CTA narrows possible routes for proposed Red Line expansion
BY FRAN SPIELMAN AND ROSALIND ROSSI Staff Reporters April 15, 2014 10:04PM
The 95th Street station is now the end of the Red Line. That station is due for a major renovation, and the CTA is looking at routes to extend the Red Line to 130th Street. | Sun-Times File Photo
Updated: May 17, 2014 6:41AM
The CTA has narrowed to two the routes for a long-awaited Red Line extension from 95th to 130th Street — one down the middle of busy Halsted Street, the other mostly running along existing freight tracks.
Ald. Anthony Beale (9th), whose South Side ward would be most heavily affected by the extension, was briefed on the options Tuesday. The chairman of the City Council’s Transportation Committee emerged with a ringing endorsement of the alternative that steers clear of Halsted.
That option for the $2 billion, 5-mile-plus extension generally follows freight tracks operated by the Union Pacific Railroad. A large portion of the tracks run along Eggleston Avenue until about 111th Street, then curve east.
The CTA’s plan calls for four new stations: at 103rd, 111th, 115th and 130th, with a combined total of up to 2,000 “Park & Ride” spaces, the alderman said.
Construction of a new, $240 million station at the end of the current Red Line, at 95th Street, is due to begin this year and follows massive improvements to Red Line tracks from Cermak to 95th, completed last October.
Elevated tracks “would disrupt the integrity and cosmetics of Halsted. It would hurt existing businesses. I don’t think anybody wants that,” Beale said.
CTA President Forrest Claypool could not be reached for comment on Tuesday’s briefing.
Union Pacific “would be happy to talk” with the CTA about extending the Red Line, spokesman Mark Davis said Tuesday, but he noted CTA trains, powered by an electrified third rail, can’t use the same tracks as diesel freight trains.
That means the option Beale favors would require the CTA to build its own tracks, either alongside the UP track or above them.
Either way, the CTA would be required to obtain right-of-way from the railroad, Davis said. Another question is whether UP owns a wide enough right-of-way to allow another set of tracks to be built.
“From a safety standpoint, putting a commuter train next to freight lines — you need wider areas,” Davis said.
Mayor Rahm Emanuel campaigned on a promise to rebuild the 95th Street station and extend the Red Line South to 130th Street.
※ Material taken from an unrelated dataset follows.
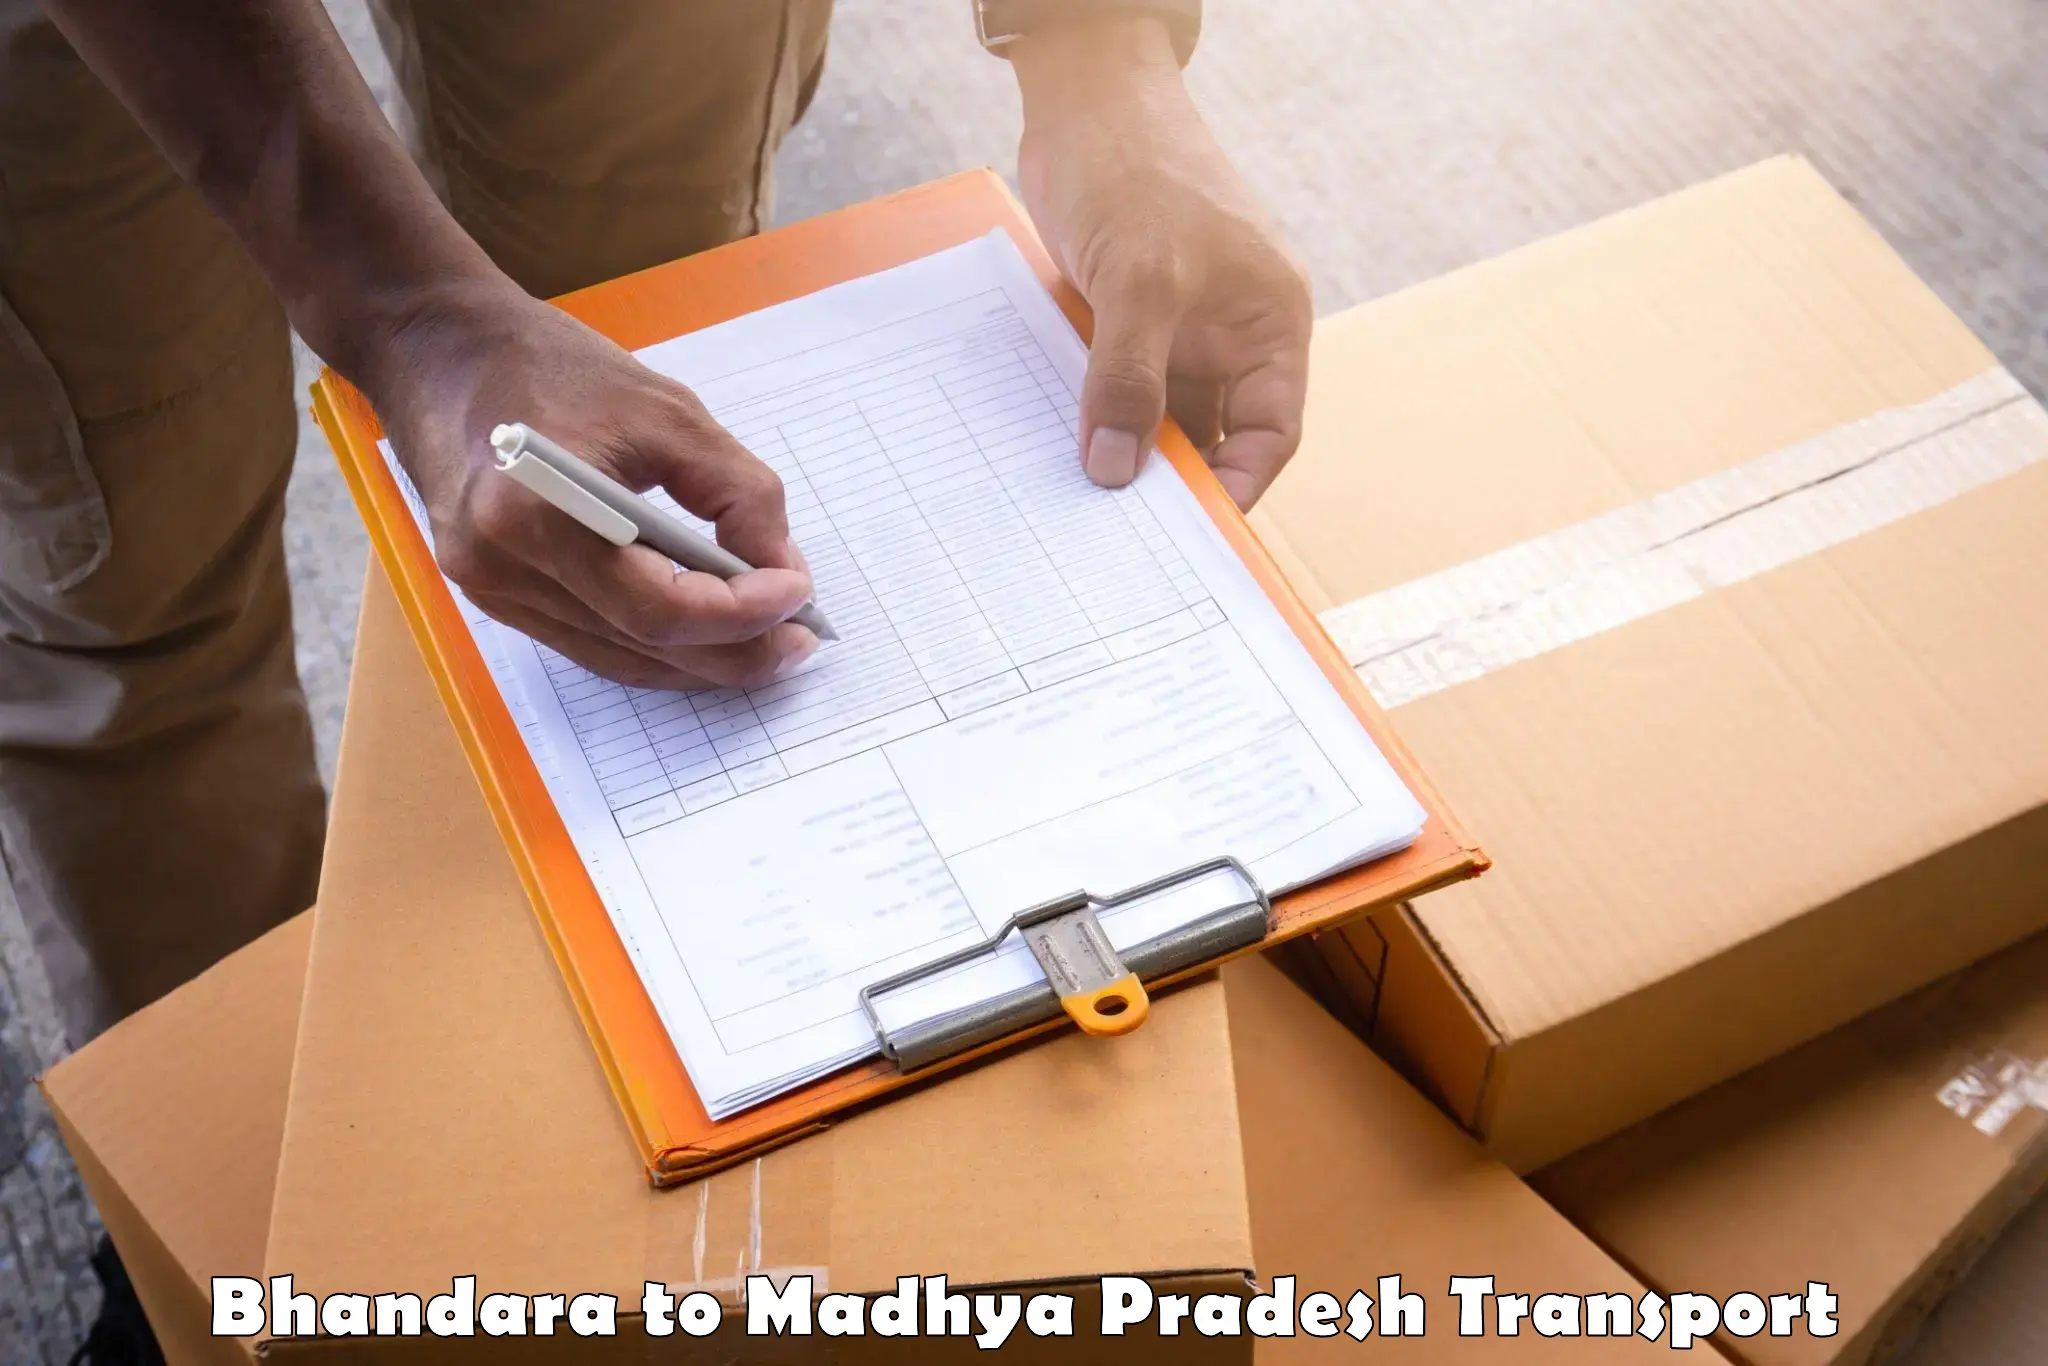 Shipping partner Bhandara to Niwari
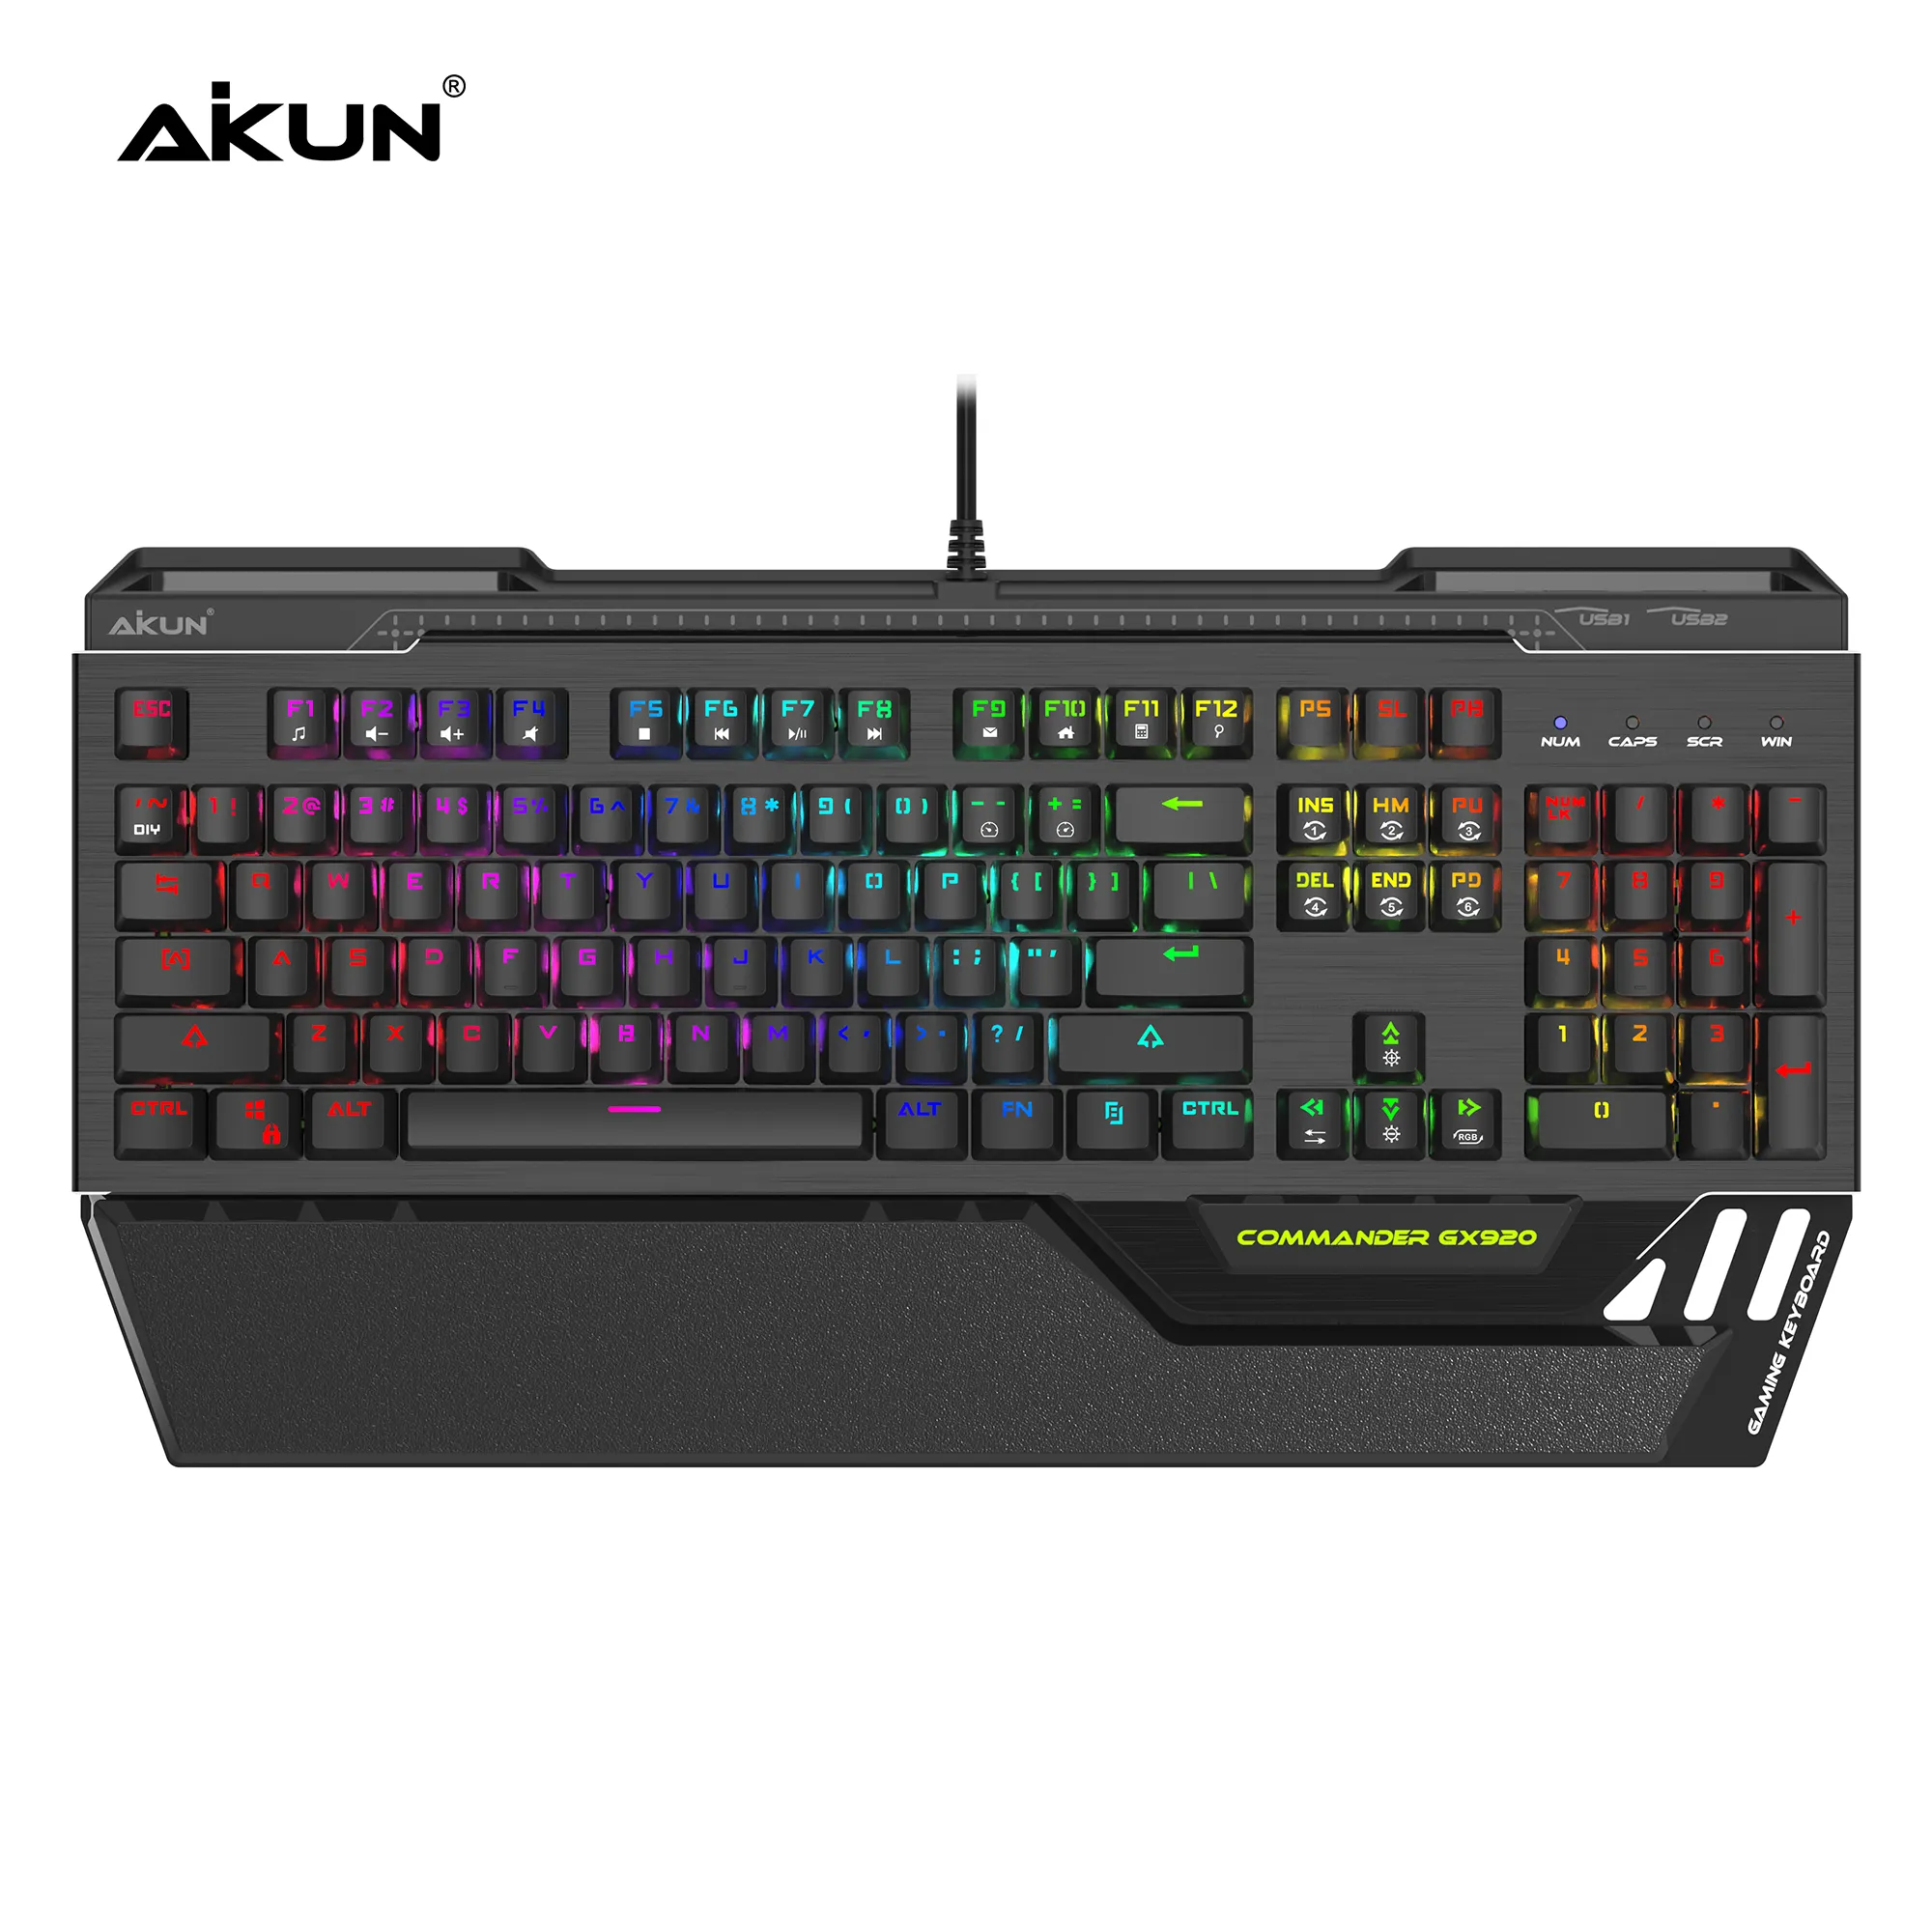 AIKUN GX920 Wired RGB Backlight Gaming Keyboard Mechanical Switches Multimedia Full Size Keyboards Two USB Hub Black

Now that the possible routes have been narrowed from five to two, the next step is an exhaustive set of community hearings to decide which option South Side residents favor and how much parking they want at each station.
The biggest question is whether the CTA can persuade the federal government to bankroll the $2 billion project.
Beale believes the chances are good and not just because of the clout Emanuel carries as a former North Side congressman who served as White House chief of staff under President Barack Obama.
“That’s a huge ask from the federal government. But, we’ve been talking about the Red Line extension since I was a kid. Since I’ve been chairman, I’ve made this a priority. So has the mayor. I have all the confidence in the world it’s going to happen,” Beale said.
“95th Street is not the end of the city.”
If federal funding falls short, Beale said the Red Line extension could be a candidate for Emanuel’s much-ballyhooed Infrastructure Trust to persuade private investors to bankroll projects Chicago can’t afford to build on its own.
That option would likely require CTA riders to pay higher fees to guarantee private investors an attractive return on their money.
“If we have to, we can look at it, but only if it’s the only way,” Beale said.